This book is packed so full of plot twists, I cannot even begin to summarize it, so I won’t--it is much better that you just read this one and see for yourself why “Swamp Story” may be the single greatest Bright Spot of 2023.

Nonstop Action

Satire at its best

No Agenda
--Really, no apocalyptic warnings on the fate of humanity, no political messages lurking between the lines, no personal axe to grind via fiction. Not that I could discern. No surprise that Barry is a Pulitzer-award-winning columnist: his ability to use satire without ridicule or divisiveness is simply stellar. Barry exposes our weaknesses and foolishness without condemnation or polarizing judgments. I wish all of Hollywood, all novelists, bloggers, comedians, and artists could celebrate humanity with this much fun and this exemplary absence of antipathy and hostility.


Authenticity
– Even the most unbelievable turn of events, one after another, feels real. We are so caught up in the story, we never consciously need to exert that old classic, “willing suspension of disbelief.” One might say all the premises are ludicrous, but the storytelling is so masterful, who cares?

Dialogue - flawless!

It’s all good. It’s especially good when the guys brainstorm. Fans of "Punch Drunk Love" will recognize the hilarity of "another infinitely recursive macho-threat loop."

Swift exposition
– But not at the expense of depth of character!

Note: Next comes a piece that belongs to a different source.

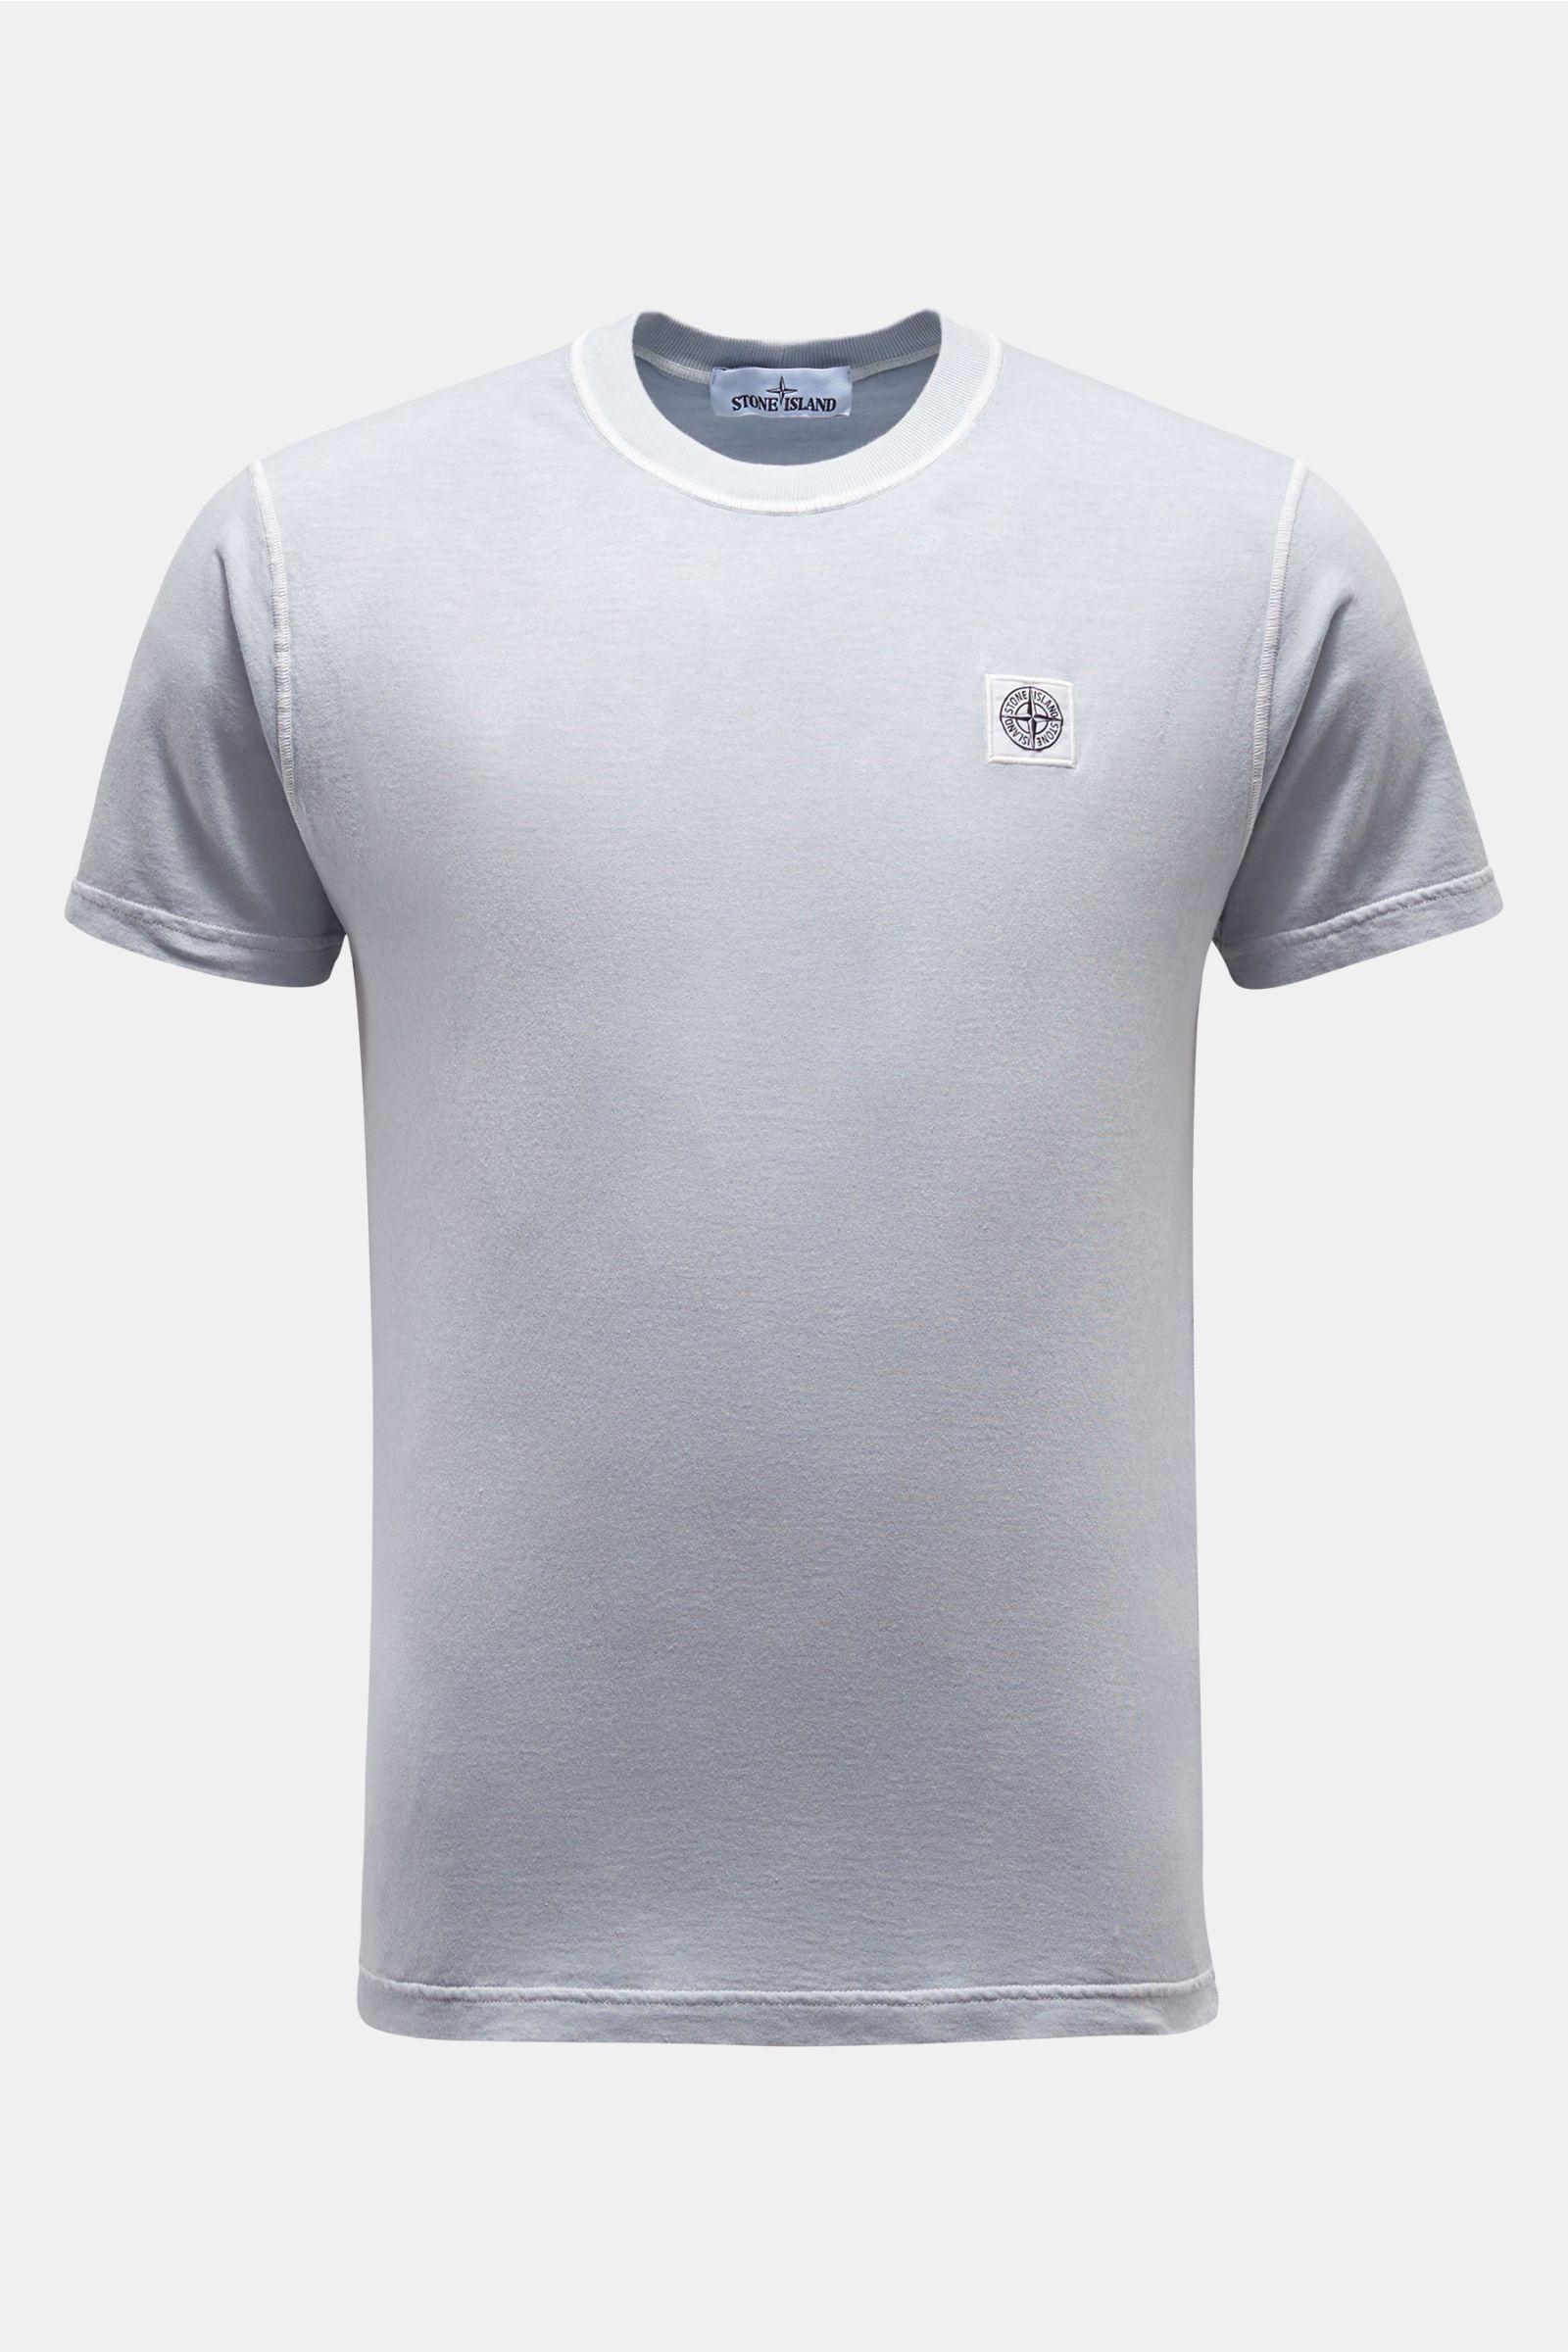 Crew neck T-shirt light grey

How did Phil the journalist begin his descent into alcoholism; how does Erik the lawyer rationalize his gambling addiction; how did Jesse fall for a narcissist like Slater?

Plausibility

Somehow, every character is believable, no matter how over-the-top and hilarious. Politicians, lawyers, journalists, felons, local bait shop owners, all memorable and distinct, all familiar to us as archetypes rather than stereotypes. “Florida man” is most definitely an archetype, worthy of a place in Joseph Campbell’s canon. We get more than one quintessential example in the novel. A man known as Skeeter almost steals the show with his pet boar and a pregnant python, but an angry mobster "roughly the size of a commercial refrigerator" enters the scene, then an ATV loaded with gold bricks that date back to the Civil War, then -- well, a lot of different plot threads and people come together all at once in a perfect storm of a finale. The convergence of so many separate events is positively Shakesperian.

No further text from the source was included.